Mops

Mops – Das Portrait

Der quirlige Mops ist ein wahrer Charmeur und steht seinem Besitzer zu jeder Zeit liebevoll und treu zur Seite. Wer einmal einen Mops an seiner Seite hat, will sich niemals wieder von dem verschmusten Tier trennen. Das zerknautschte aber dennoch liebevolle Gesicht berührt die Herzen vieler Hundeliebhaber.
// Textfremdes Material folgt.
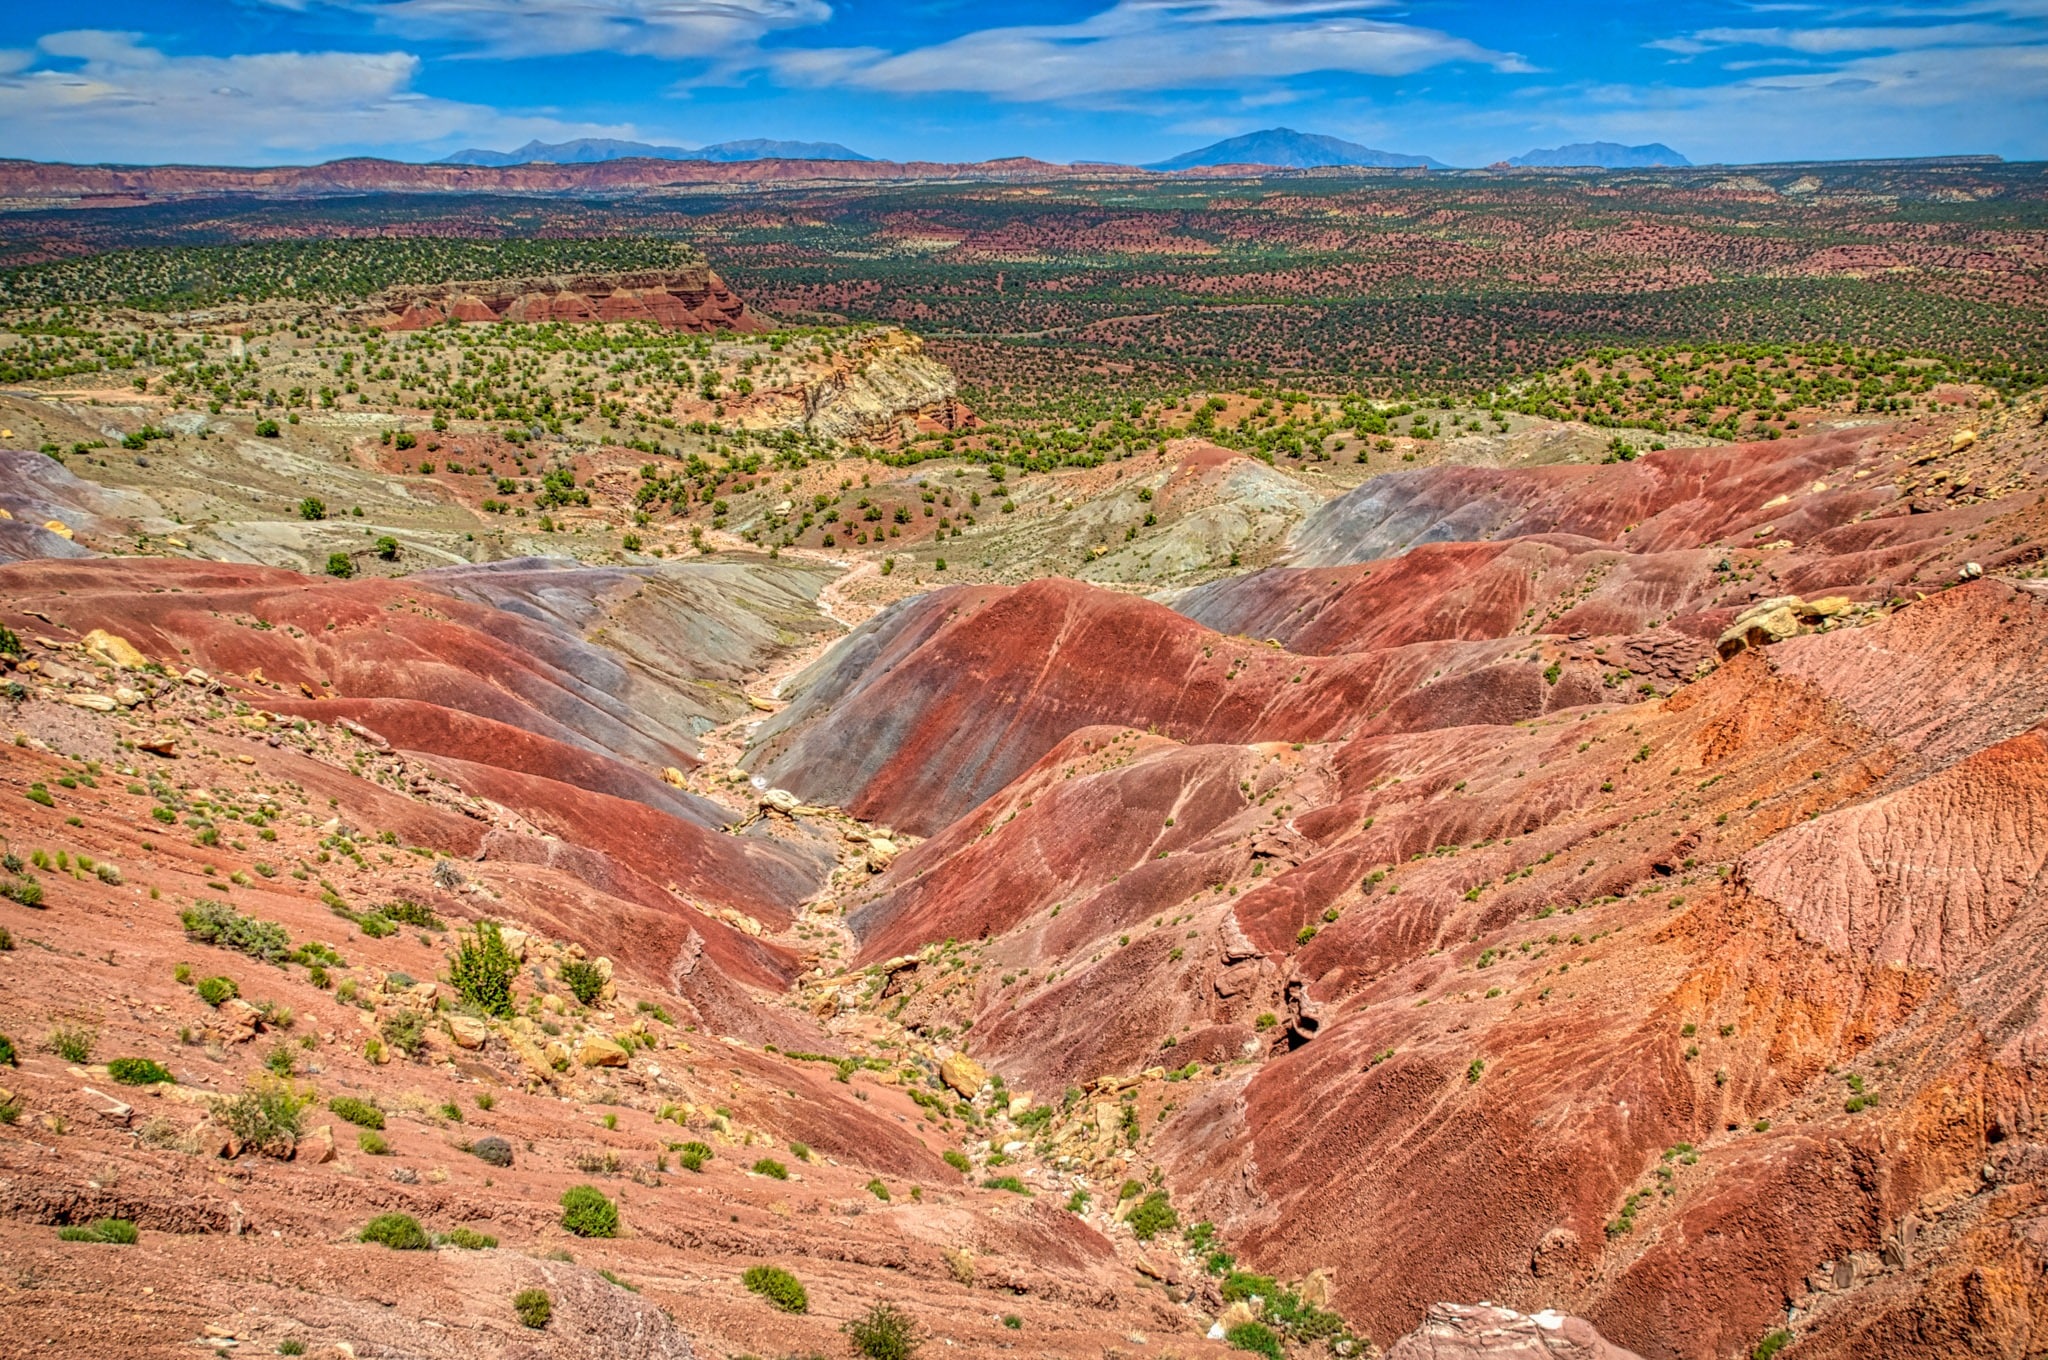 These badlands provide a colorful respite from the steep sandstone canyons farther east near Bullfrog, Utah, close to Capitol Reef National Park.

Aber alle Achtung: Möpse sind überaus raffinierte Geschöpfe und wissen genau, wie sie ihre Besitzer um den Finger wickeln können.

Steckbrief

Lebenserwartung: 12 bis 15 Jahre
Gewicht: 6 bis 8 kg
Widerristhöhe: 25 bis 30 cm
Charakter: gehorsam, fröhlich, würdevoll,
Farben: falbfarben, schwarz, silber, aprikose, verspielt
FCI-Gruppe: FCI-Gruppe 9
Kosten: Zwischen 600 & 1.000 Euro

Wesen und Charakter

Kenner von Möpse wissen: Die kleinen Vierbeiner haben viel Charme, den sie gekonnt einzusetzen wissen. Wer könnte auch den runden, großen Augen des Vierbeiners widerstehen? Zu sehr verwöhnt werden sollte er jedoch nicht, ansonsten wird er schnell eigensinnig.
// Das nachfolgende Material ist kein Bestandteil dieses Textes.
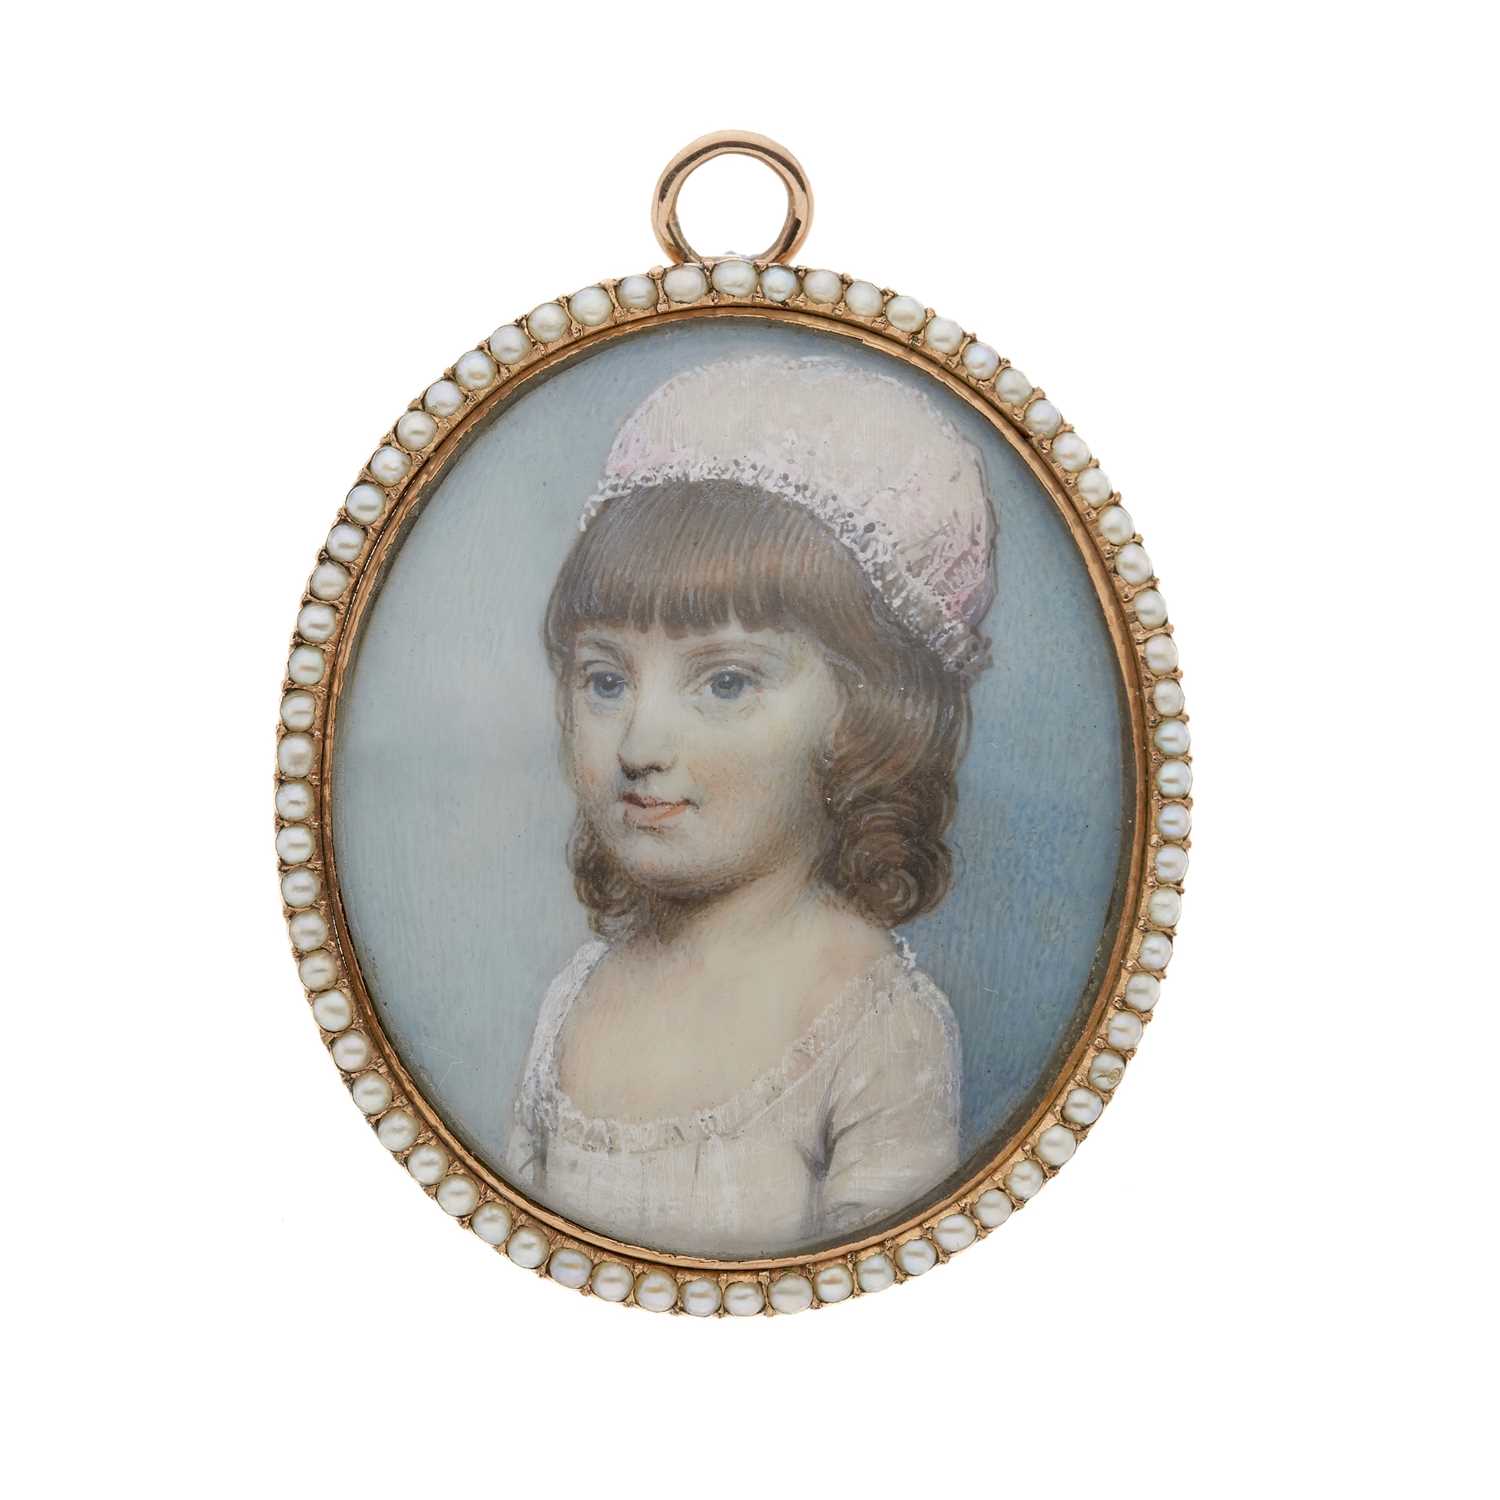 Lot 85 - George Engleheart (1750-1829), a fine portrait miniature of a young girl, circa 1785

Ein Mops ist überaus intelligent, lebhaft und gleichzeitig äußerst humorvoll. Gelegentlich ist er stur, daher ist eine konsequente Erziehung nicht wegzudenken. Der kleine Vierbeiner kommuniziert gerne mit seinen Mitmenschen, aber auch bei Artgenossen fühlt er sich wohl. Mit Einsamkeit kann er nicht umgehen, weshalb er nicht ständig alleine gelassen werden sollte. Fühlt er sich nicht richtig behandelt, bekommt der Besitzer dies meist durch Mimik, Gestik oder vereinzelte Grummel-Laute zu spüren.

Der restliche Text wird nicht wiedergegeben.